The hall of Vailima is (as Mr. Balfour tells us) quite the feature of the house. I have before referred to its size, it covers the whole area of the building. Facing us, as we entered, was the broad polished wooden staircase leading to the upper storey. We passed through the hall and out of a door on the other side of it; somewhere in the back premises we unearthed a Samoan woman, attired in very scanty raiment, busily engaged in peeling potatoes. To her we addressed ourselves, first in English and then in German, but it was all to no purpose. Next we resorted to signs. Pointing to the mountain top, I said, “Tusitala.” The word acted as a talisman, the brown face wreathed itself in smiles, the dark eyes kindled into comprehension.

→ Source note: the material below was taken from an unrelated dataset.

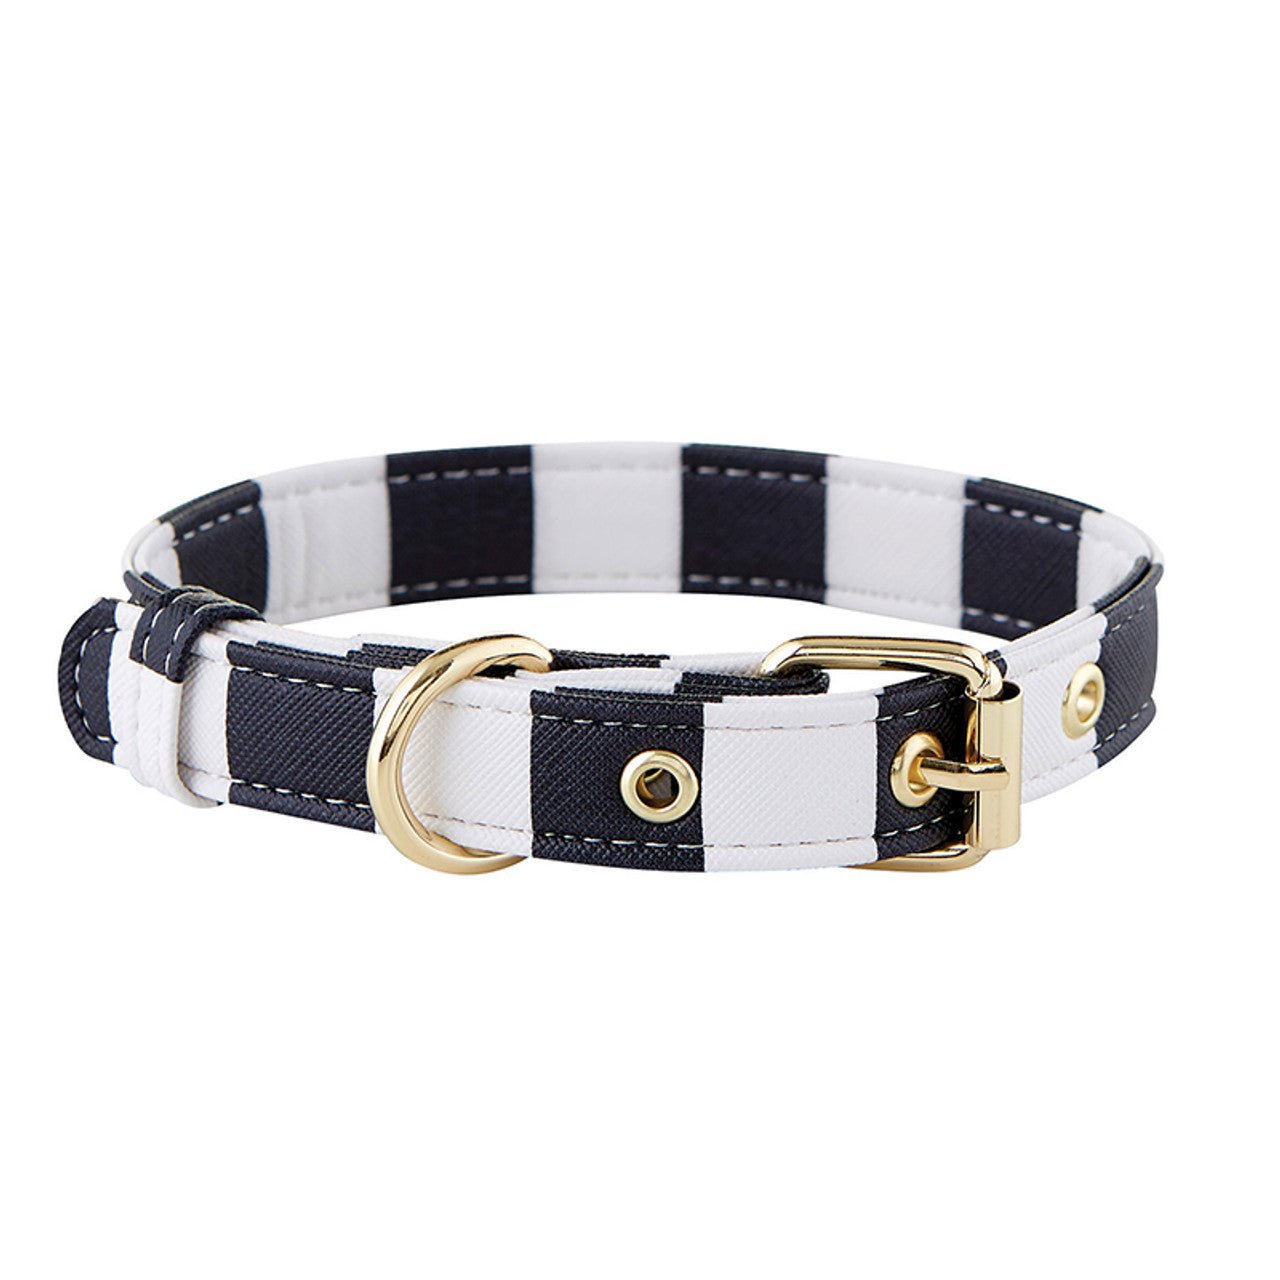 Dog Collar and Leash in Cabana Black and White Stripes | Faux Saffiano Leather
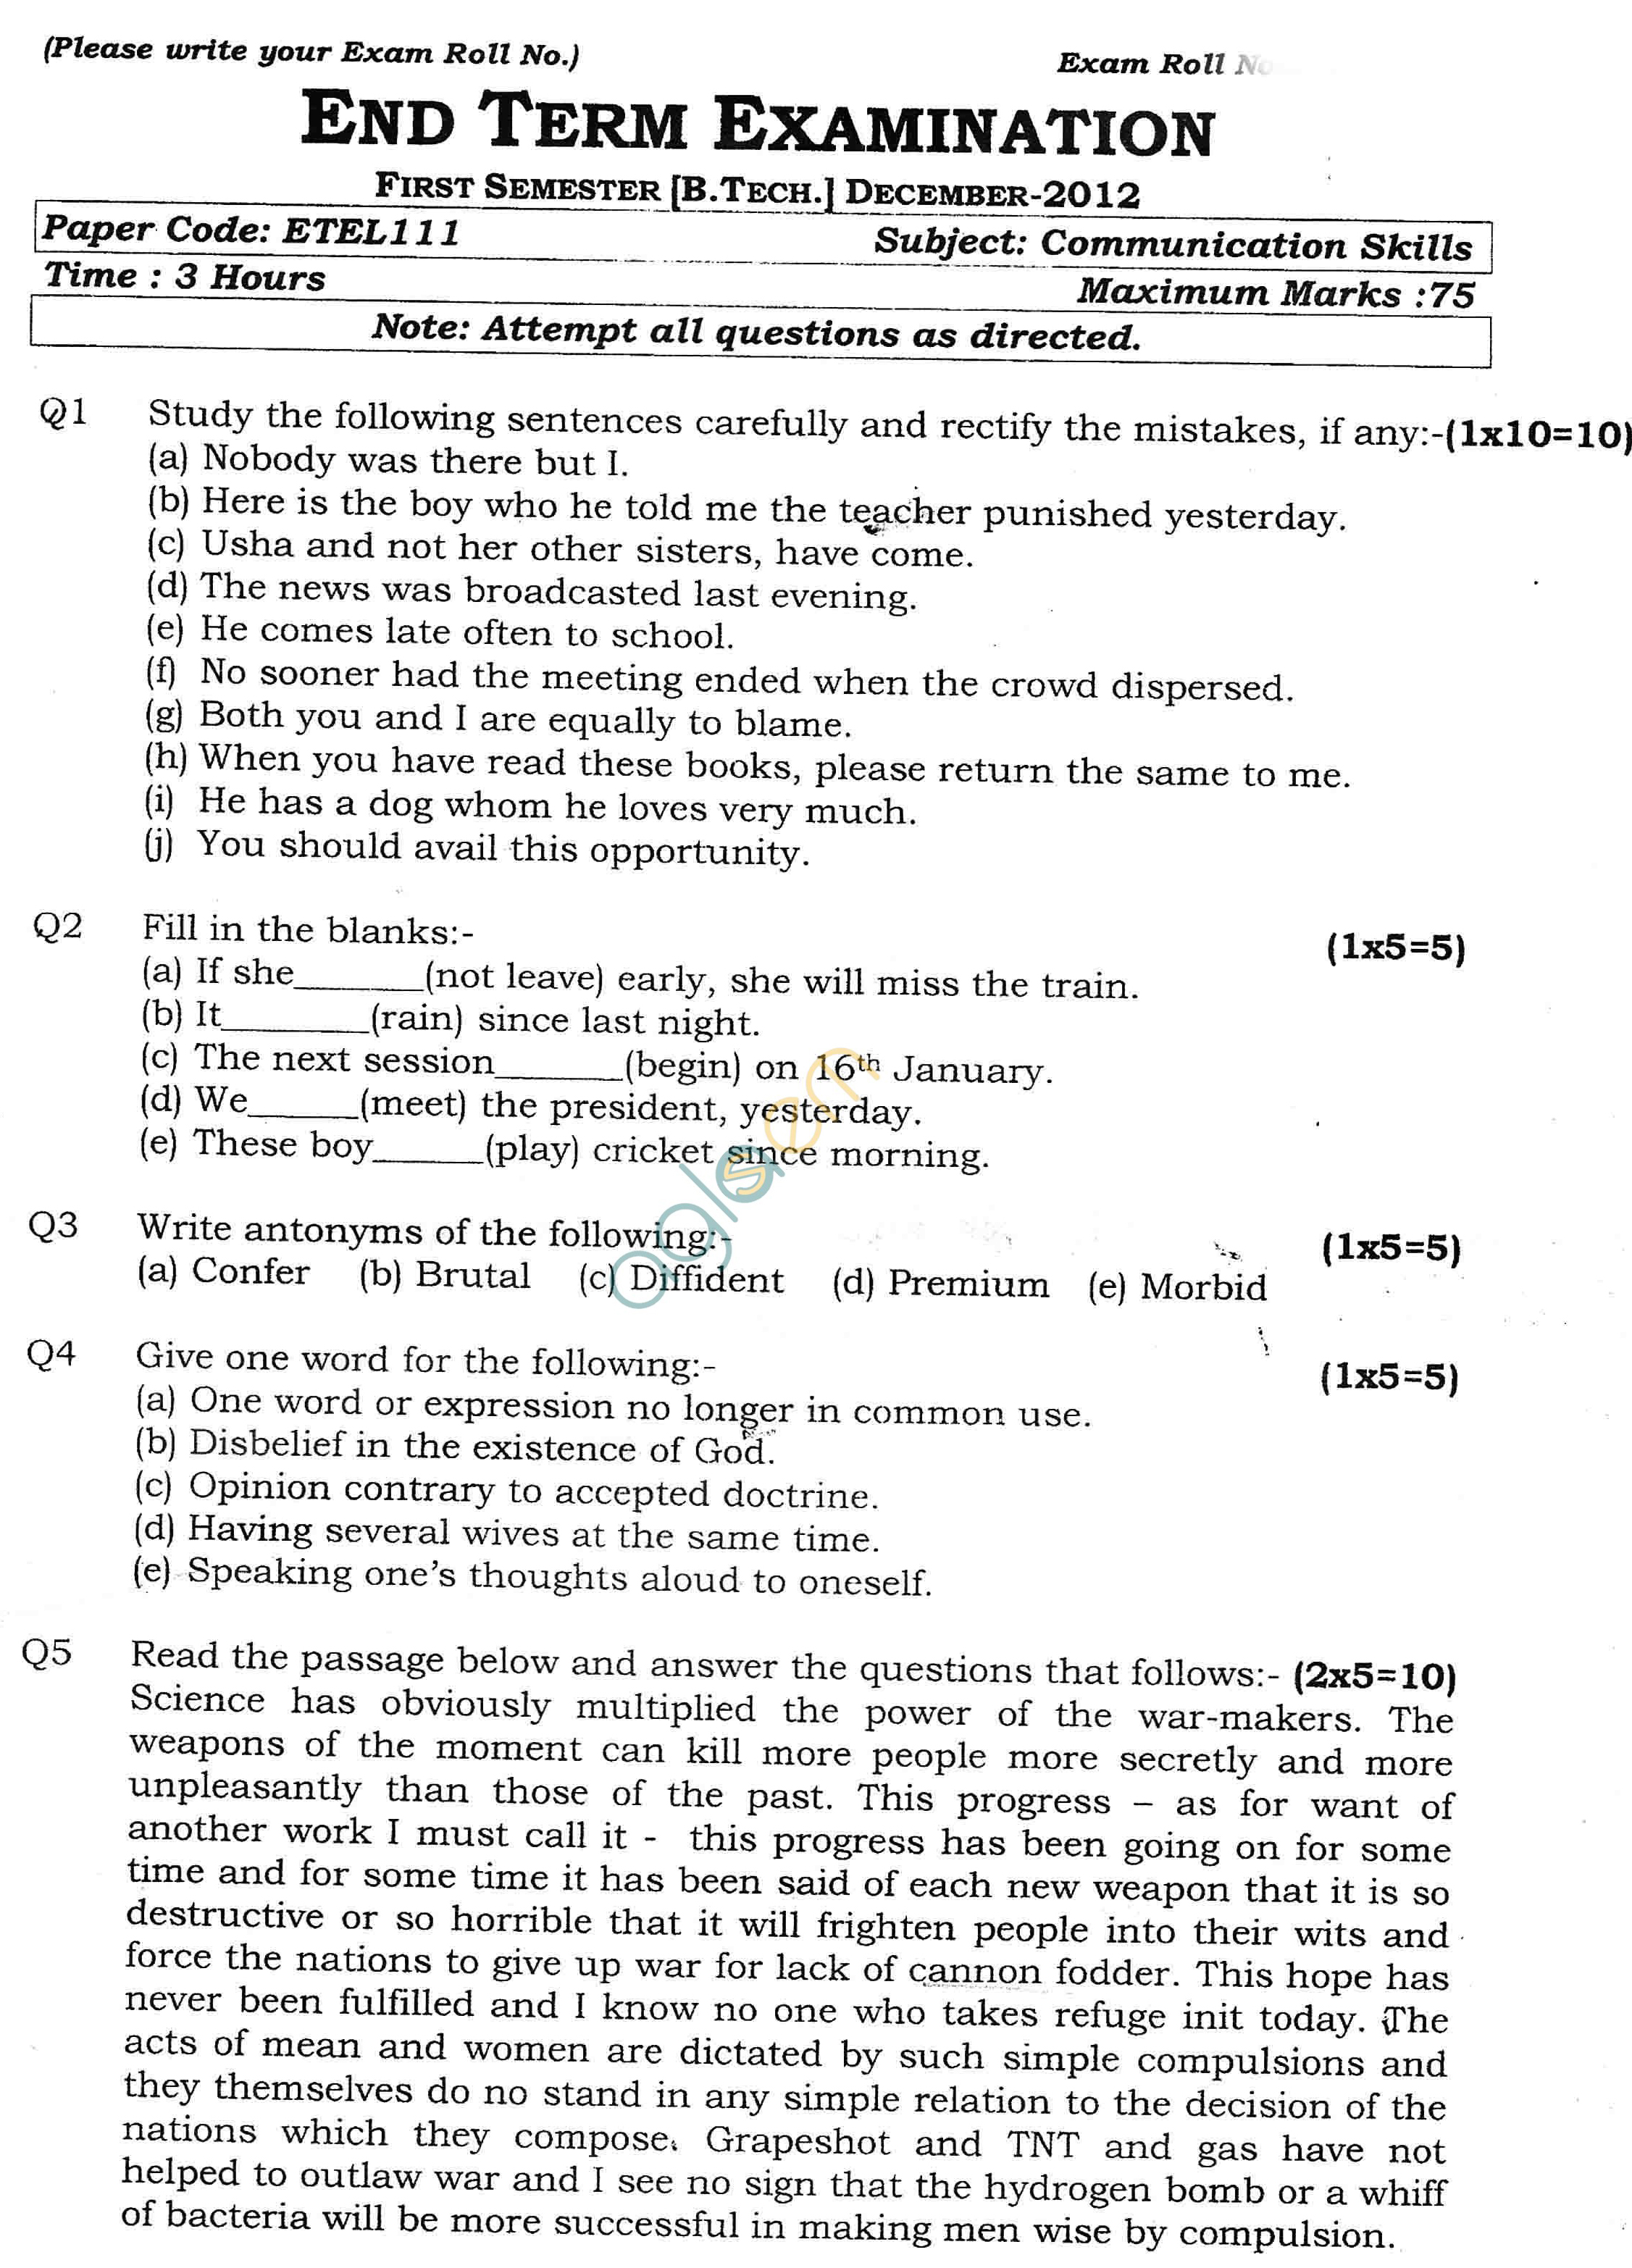 GGSIPU: Question Papers First Semester  end Term 2012  ETEL-111

Motioning to us to remain where we were, she disappeared, and soon returned with a small brown girl, whose only garment was a ragged blue pinafore sewn up at the back.
THE HALL OF VAILIMA
The little maiden (she might have been ten or eleven years of age) ran up to us quite gleefully, intimated by smiles and gestures that she was prepared to act as guide, and at once possessed herself of our heavy basket of fruit. We followed her through a little wicket gate which led into a lovely grove with oranges on one side and bananas on the other, the leaves of the latter being larger and more glossy than any I have seen before or since. The play of light and shadow here was something to dream of, and often we stood still too enraptured to pursue our way. Soon we crossed a little mountain stream, clear as crystal, with but a single plank for bridge, and lingered awhile to admire the cream-breasted kingfishers and the numerous little[7] crayfish disporting themselves in and above the water. In time we left the cultivated land behind and followed a slender path into the bush, where under foot was a dense growth of sensitive plant with delicately cut foliage and little fluffy pink ball-like blossoms. Our footsteps were marked by the quivering and shrinking of the shy, tremulous leaves, but as I looked back they once more stood bravely erect. This was the plant that baffled all poor Stevenson’s efforts at eradication, living, thriving, ever renewing itself in spite of him.
“A fool,” says he, “brought it to this island in a pot, and used to lecture and sentimentalize over the tender thing. The tender thing has now taken charge of this island, and men fight it, with torn hands, for bread and life. A singular insidious thing, shrinking and biting like a weasel, clutching by its roots as a limpet clutches to a rock.”[8]
The trees here were simply magnificent, the fern life too was everywhere abundant, exquisite ferns, such as we grow in our hot-houses at home. Trees, ferns, creepers, flowers were tangled together in a vast net-work of luxuriant vegetation, each individual plant fighting for its very existence, contending for its due share of light, and air, and space. Here it was that Stevenson conceived his poem of “The Woodman”; every word of it came home to me with the inevitableness of absolute truth as we fought our way upward and onward.